Bozdag: "Nous entrerons à Manbij et irons à l'Est de l'Euphrate" s'il le faut (Lead)

"Si des soldats américains devaient porter les uniformes des terroristes et s’ils devaient croiser des soldats turcs, il serait alors impossible de les distinguer", a notamment prévenu le vice-Premier ministre turc Bekir Bozdag

AA - Ankara - Tuncay Çakmak

Le vice-Premier ministre turc et porte-parole du gouvernement, Bekir Bozdag, a affirmé, dimanche, que la Turquie n’hésitera pas à étendre ses opérations contre les organisations terroriste en Syrie, à Manbij et à l’est de l’Euphrate, si nécessaire.

Bekir Bozdag était interviewé dimanche par la chaîne d’information privée turque CNN Turk.

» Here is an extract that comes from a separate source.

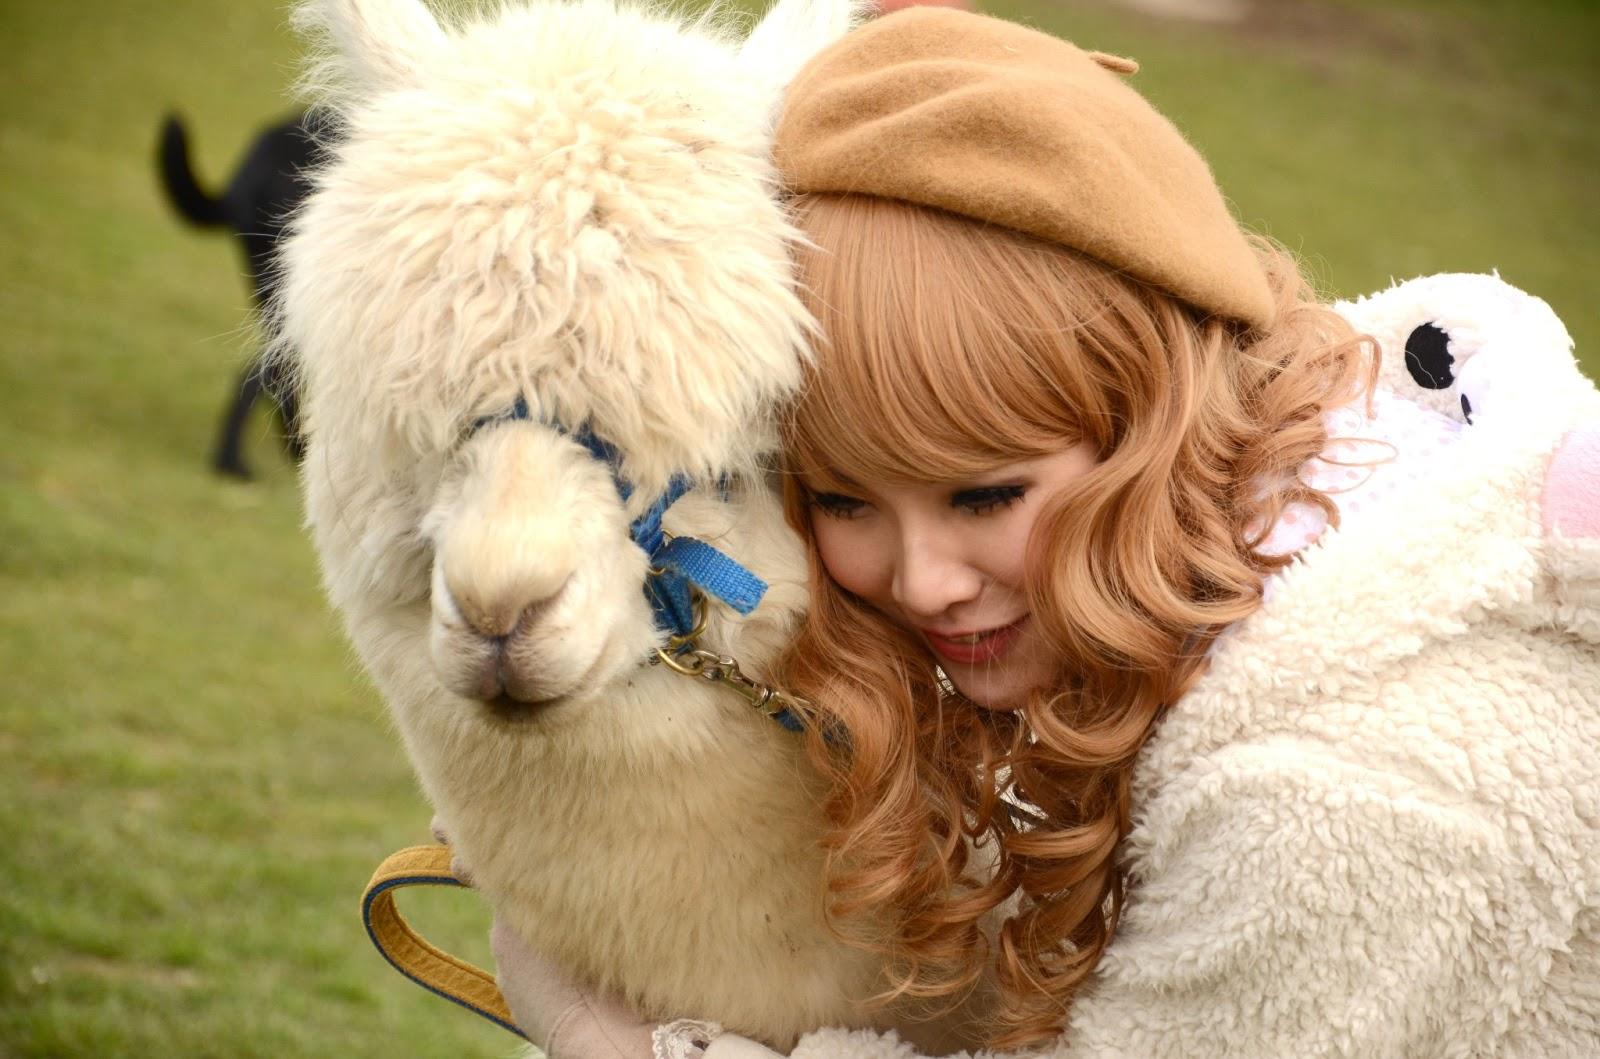 WildLife: Alpaca Little Cute Animal

Il s’est longuement exprimé au sujet de l’Opération "Rameau d’olivier", lancée le 20 janvier à Afrin, dans le nord-ouest de la Syrie, contre les organisations terroristes du PYD/PKK et de Daech, afin de libérer la région de totue présence terroriste et de sécuriser ses frontières.

Bozdag a d’abord livré le dernier bilan des opérations, en l'occurrence, 932 terroristes au moins ont été neutralisés depuis le 20 janvier.

"Dans nos rangs, nous comptons 13 martyrs et 39 blessés. Nos alliés de l’Armée Syrienne Libre (ASL) comptent quant à eux 30 martyrs et 158 blessés", a-t-il indiqué.

"Ce combat est de longue haleine. Je vous rappelle que les armes utilisées par les terroristes sont modernes et efficaces. Les Etats-Unis ont fourni au PYD/YPG/PKK plus de 5 mille camions et 2 mille avions bondés d’armes", a-t-il poursuivi.

Le vice-Premier ministre turc a saisi l’occasion pour dénoncer une nouvelle fois l’aide militaire à une organisation terroriste qui menace les frontières d’un pays allié membre de l’Organisation du Traité de l’Atlantique Nord (OTAN).

"Retrouver des armes venant de notre allié au sein de l’OTAN dans les mains des terroristes qui nous attaquent est inacceptable. Nous exprimons cette réalité dans les plus hautes sphères. Je précise que l’attaque de samedi contre l’un de nos chars, qui a fait 5 martyrs parmi nos soldats, est très minutieusement étudiée. Nous apprendrons bientôt quelles armes ont été utilisées", a-t-il dit.

Bozdag a ensuite fait part de toute la détermination de la Turquie à aller jusqu’au bout des opérations.

"Nous poursuivrons tant qu’il y aura des terroristes dans la région. Les pays qui, comme les Etats-Unis, demandent que les opérations prennent fin rapidement doivent dans ce cas arrêter de fournir des armes aux terroristes", a-t-il dit.

"Ils doivent récupérer les armes qu’ils ont fourni au PYD/YPG. Ils doivent empêcher que ces terroristes attaquent la Turquie. Si les terroristes quittent la région, c'est à ce moment seulement que nos opérations pourront prendre fin. Mais pour l’heure, rien n’est fait, ils nous font des promesses qui ne sont pas suivies sur le terrain", a-t-il expliqué.

Le porte-parole du gouvernement a insisté sur le fait que la Turquie ne peut se satisfaire désormais de simples paroles et que les Etats-Unis, en agissant sur le terrain, doivent regagner la confiance de la Turquie.

"Le président Trump s’est personnellement engagé à mettre fin aux aides militaires au PYD/PKK. C’est peut-être le cas à Afrin, mais ce n’est pas le cas à Manbij et dans les autres régions envahies par l’organisation terroriste. Pour cette raison, si les terroristes ne quittent pas Manbij comme prévu, alors nous entrerons à Manbij. Et ensuite, nous irons à l’Est de l’Euphrate. Nous avons l’obligation de garantir la sécurité de nos citoyens et de notre territoire. Nous ne permettrons jamais la création d’un Etat terroriste au sud de nos frontières", a-t-il martelé.

Pour conclure, Bekir Bozdag s’est exprimé sur le risque que les soldats turcs croisent des soldats américains sur le terrain en Syrie.

"Nous ne voulons absolument pas croiser les Etats-Unis sur notre route. Les responsables américains aussi déclarent la même chose. Pour cela, les Américains doivent faire preuve de la même attention que celle de la Turquie. Si des soldats américains devaient porter les uniformes des terroristes et s’ils devaient croiser des soldats turcs, il serait alors impossible de les distinguer. Ceux qui nous attaquent avec les terroristes seront aussi nos ennemis", a-t-il expliqué.